The VIMS Juvenile Striped Bass Seine Survey recorded a mean value of 4.26 fish per seine haul in the Virginia portion of the Chesapeake Bay; this value is called a recruitment index by scientists. The 2023 value is significantly lower than the historic average of 7.77 fish per seine haul and is a notable decrease in annual recruitment compared with recent years in which catches of striped bass were rated average or above average.
Poor recruitment during 2023 is consistent with patterns observed by the long-term monitoring program. Since the lifting of the striped bass fishing moratorium in 1990, single years of low recruitment have occurred approximately every ten years in Virginia waters, the last occurring in 2012 (Figure 1). However, striped bass recruitment can vary considerably from year to year. Poor recruitment in 2012 was followed by 10 years of average to above-average recruitment.
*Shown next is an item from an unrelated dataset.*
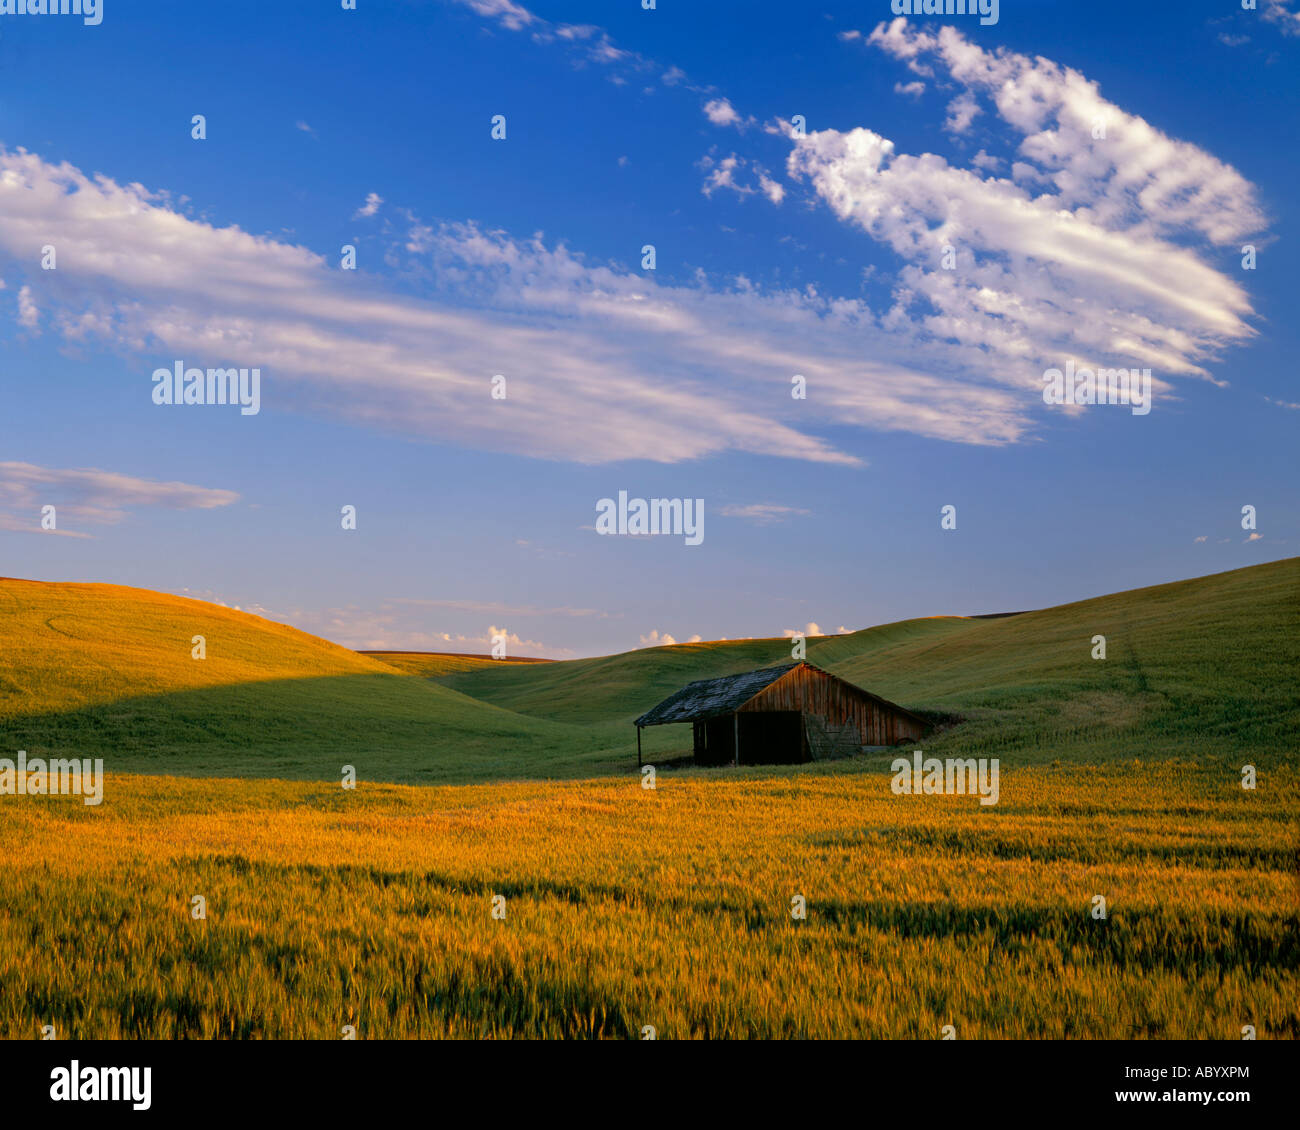 Whitman County, WA: Evening light on a field of winter wheat with a weathered livestock shelter Stock Photo

In this way, striped bass populations, and the fisheries they support, are stabilized by strong year classes which mitigate the effect of less productive years.
Striped bass spawning biomass, the adult stock which returns to spawn each spring, is traditionally dominated by a few strong year classes. For instance, striped bass recovery in the early 1990s was partially attributed to a few strong year-classes produced in the late 1980s. Therefore, a single year of poor recruitment, such as observed this year, can be weathered by the previous year’s high production. If three continuous years of poor recruitment are documented, management actions will be triggered to identify and address issues of striped bass spawning success.